→ **What the exercise asks**: Repeat exactly what runs from the line containing "Mattel Сумка детская" through the last line of the material below. Do not copy the pictures.

Start of Records provided

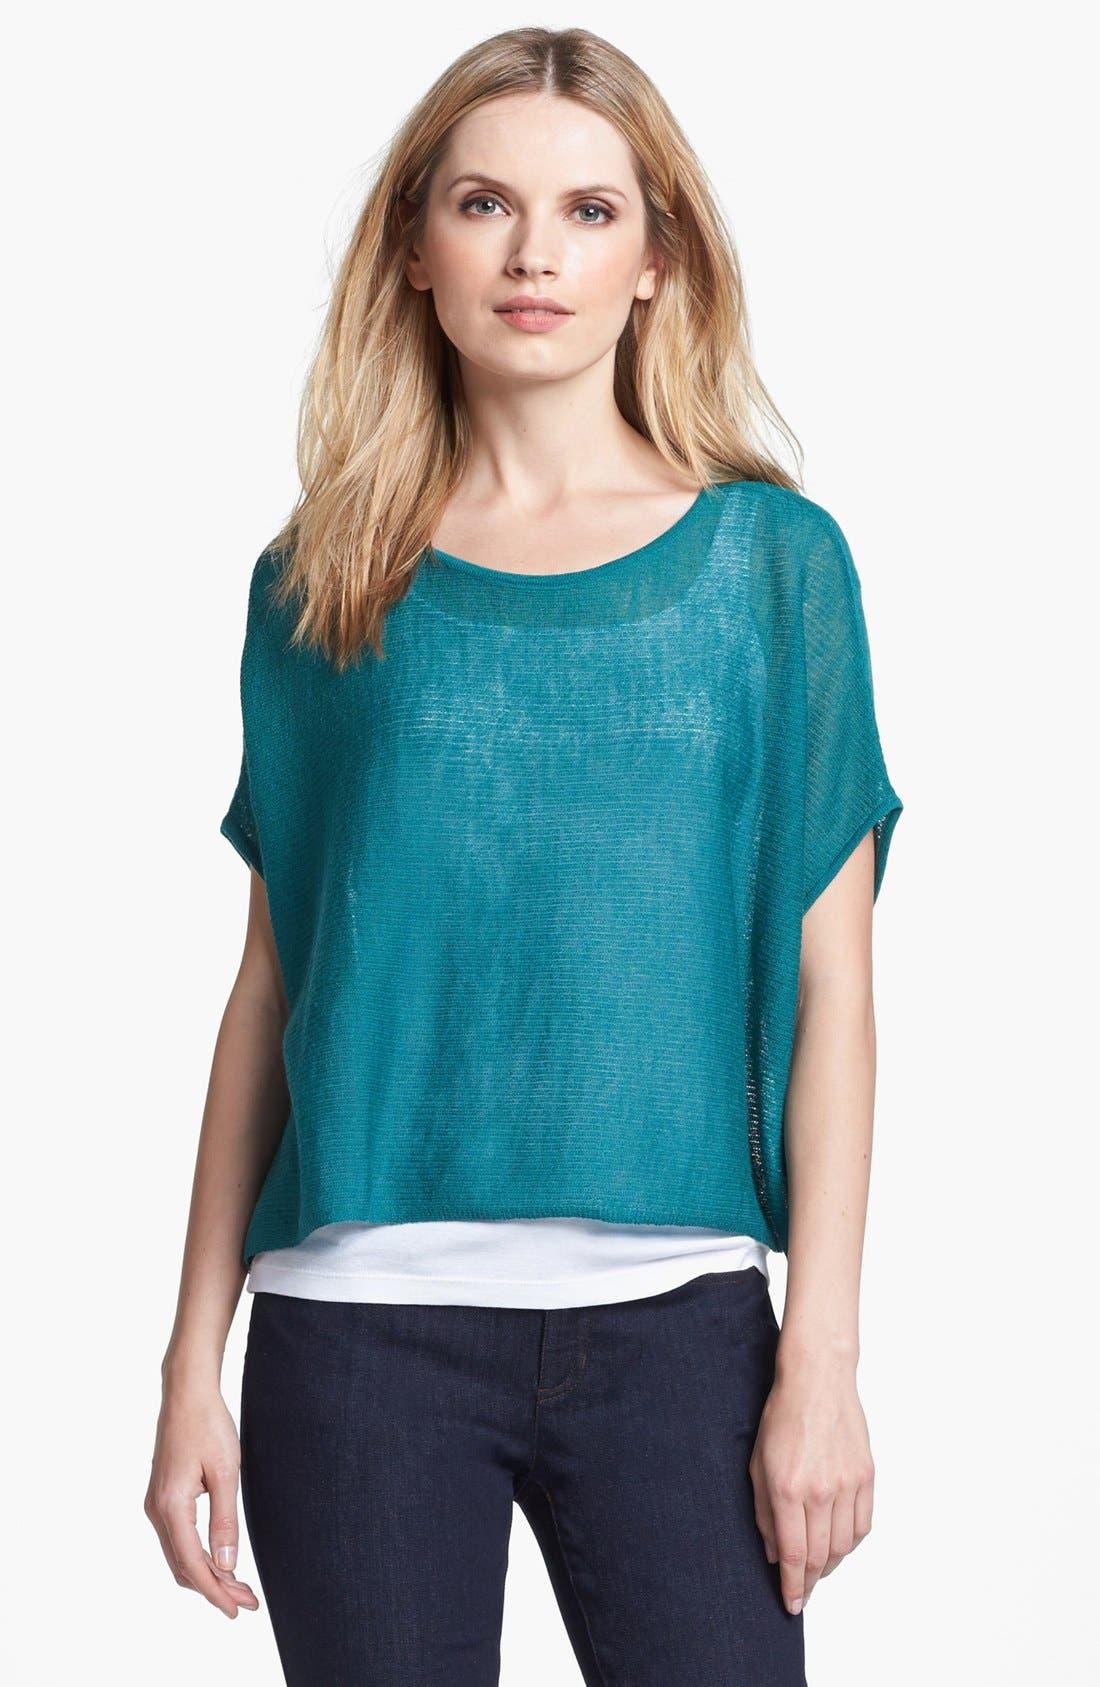 Alternate Image 1 Selected - Eileen Fisher 'Ethereal Wool' Short Poncho Top (Regular & Petite)
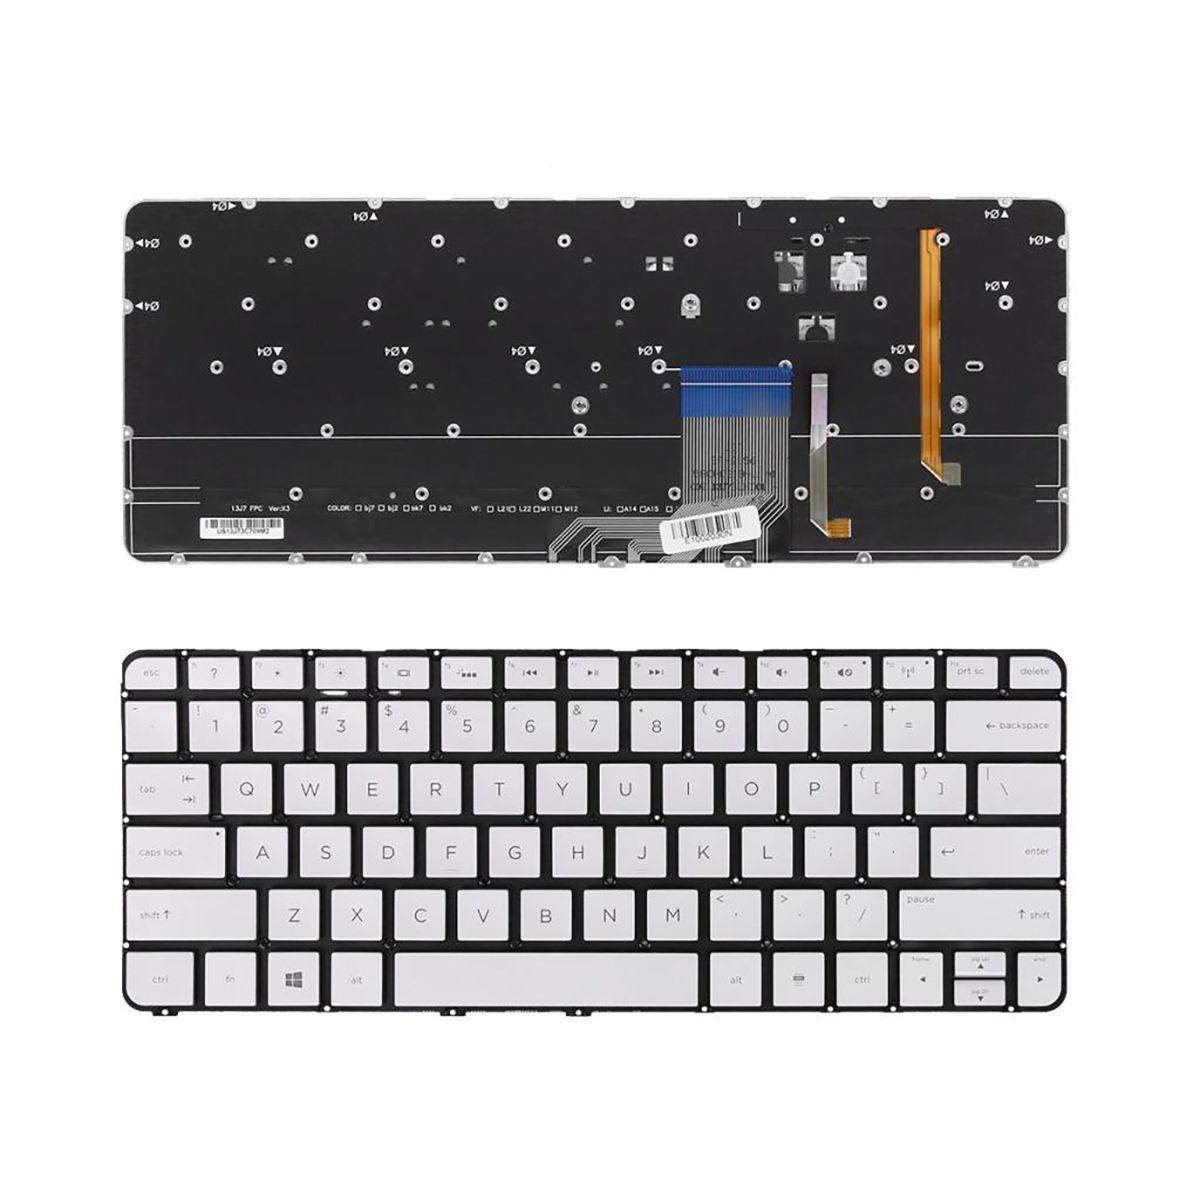 NEW Laptop Keyboard For HP Spectre 13-3000 13T-3000 series Backlit US Layout Repair Keyboard
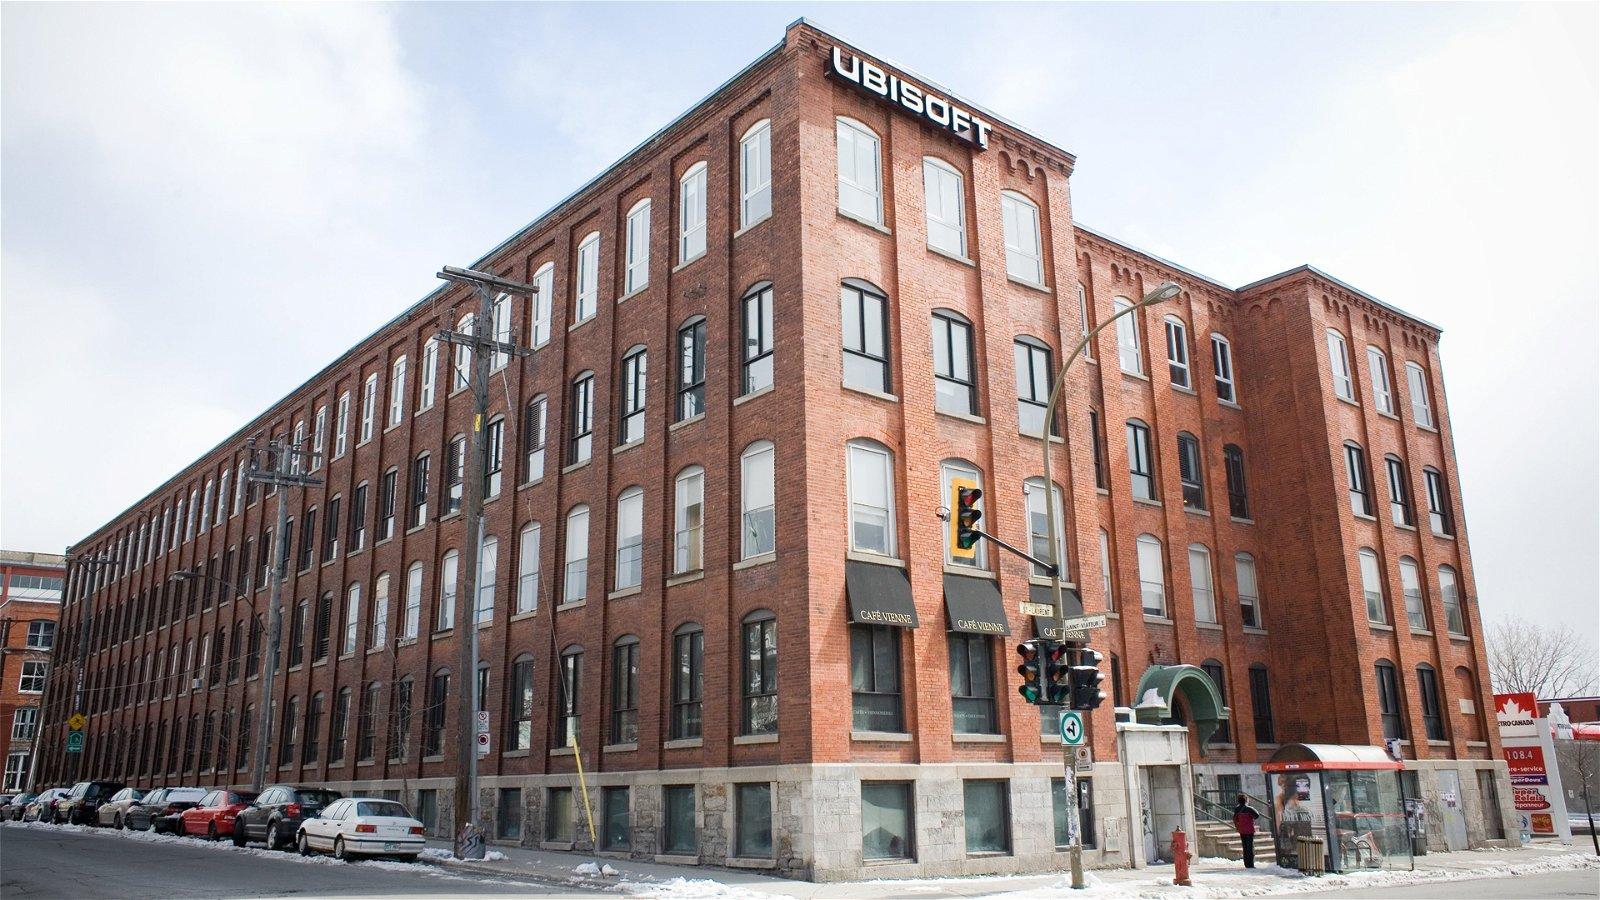 Report: Ubisoft Seeking Investors to Fend Off Takeover Bid 1
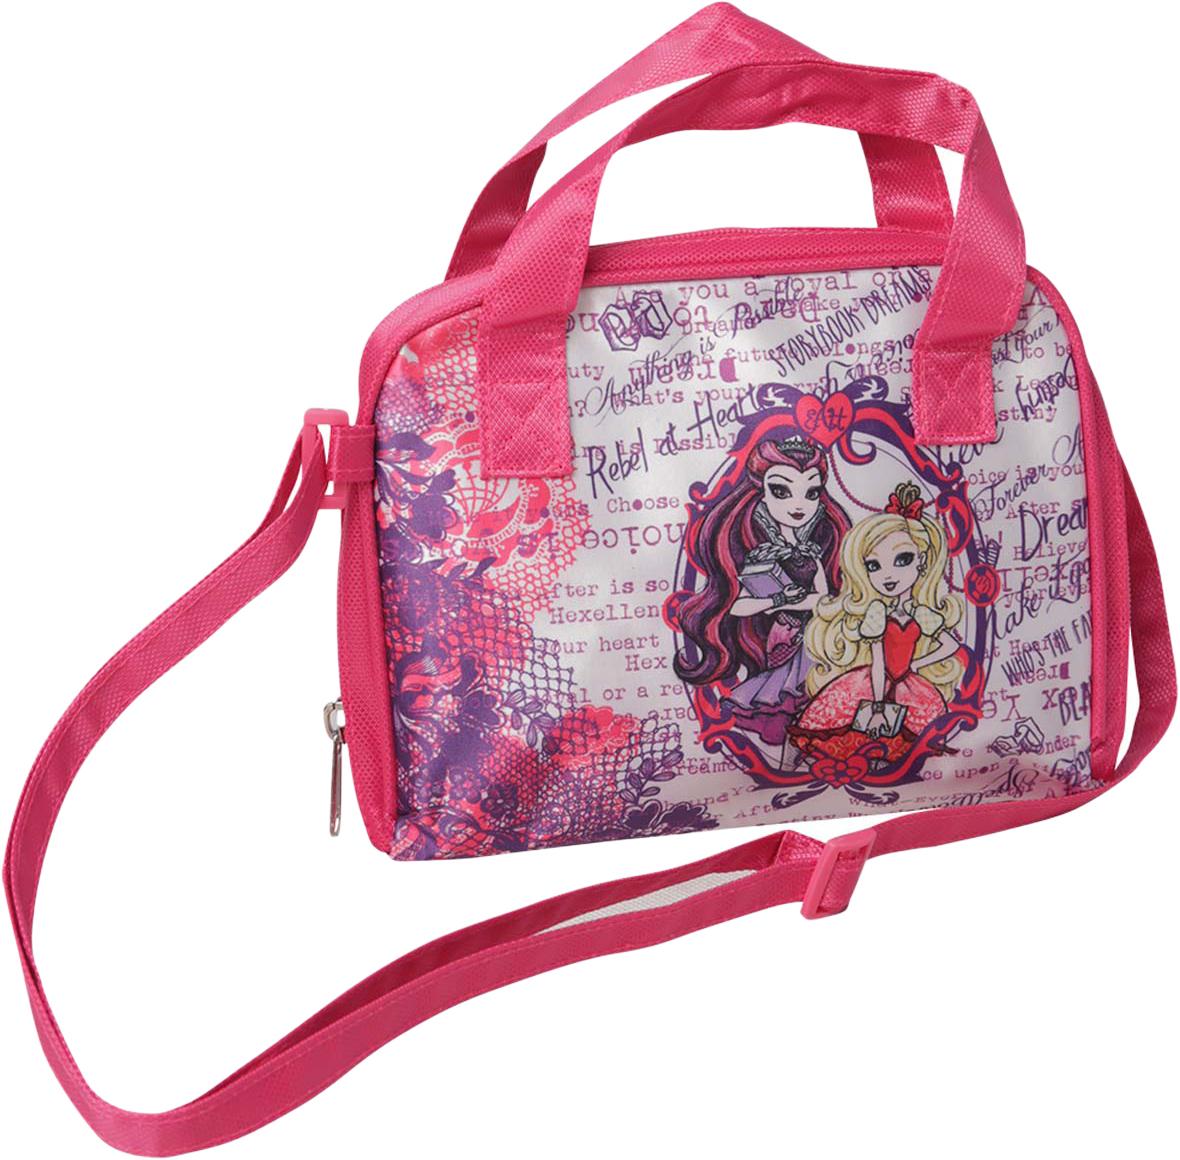 Mattel Сумка детская Ever After High цвет розовый limpopo детская доска для рисования маркером ever after high mattel
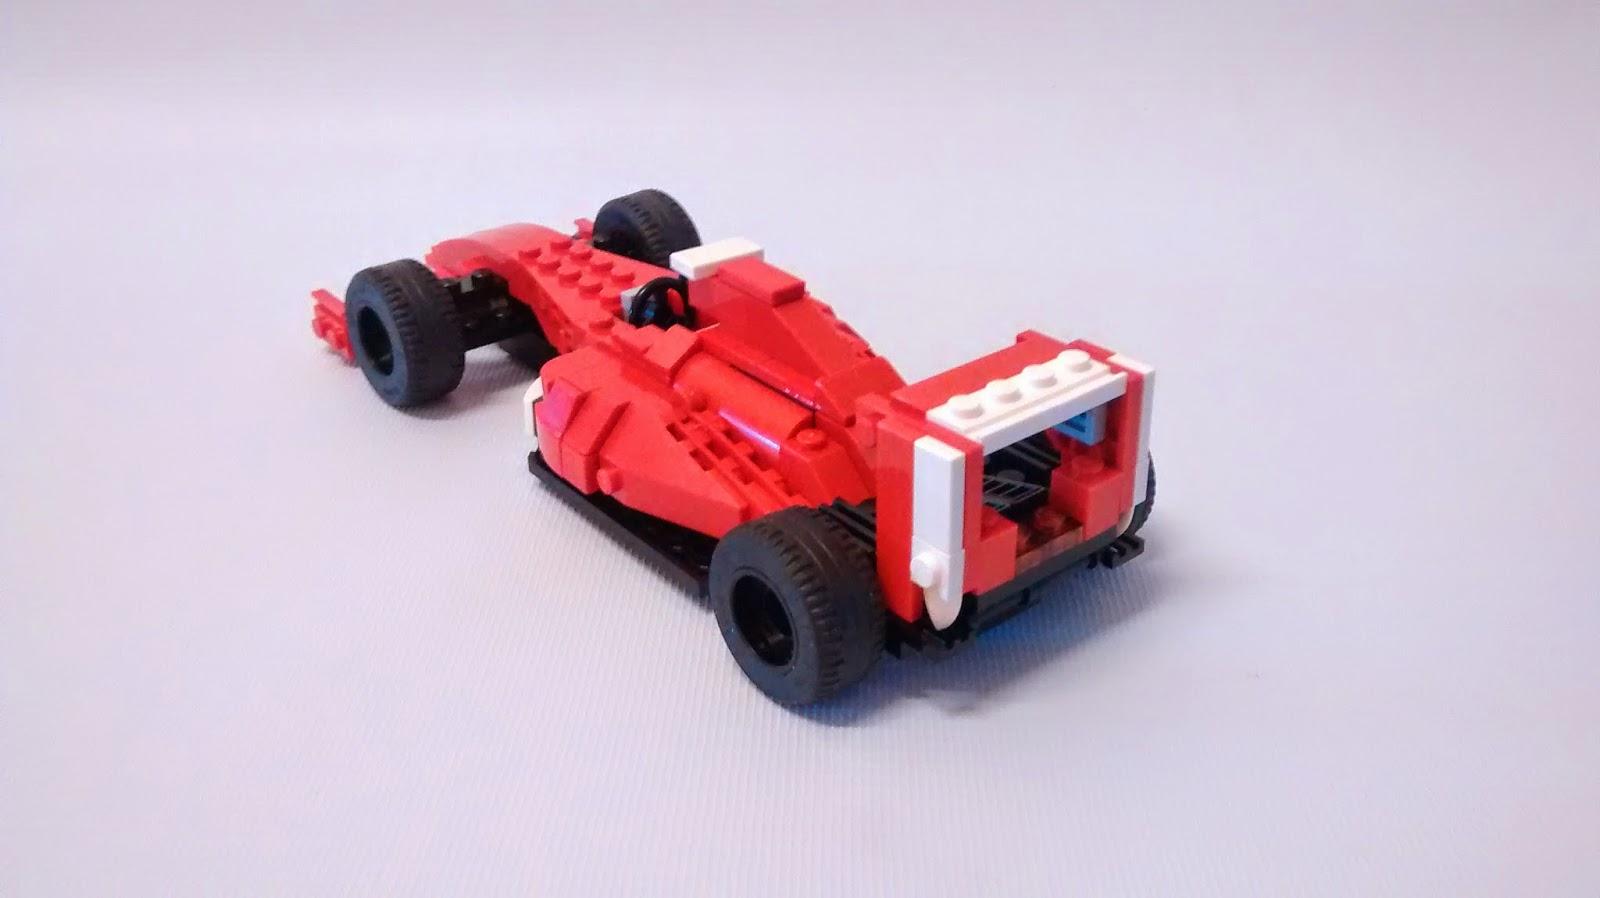 yoshiny 39 s design lego f1 31024 alternate build of ferrari formula 1 car. Black Bedroom Furniture Sets. Home Design Ideas

End of Records provided

→ **Solution to the problem**:
 Mattel Сумка детская Ever After High цвет розовый limpopo детская доска для рисования маркером ever after high mattel
 yoshiny 39 s design lego f1 31024 alternate build of ferrari formula 1 car. Black Bedroom Furniture Sets. Home Design Ideas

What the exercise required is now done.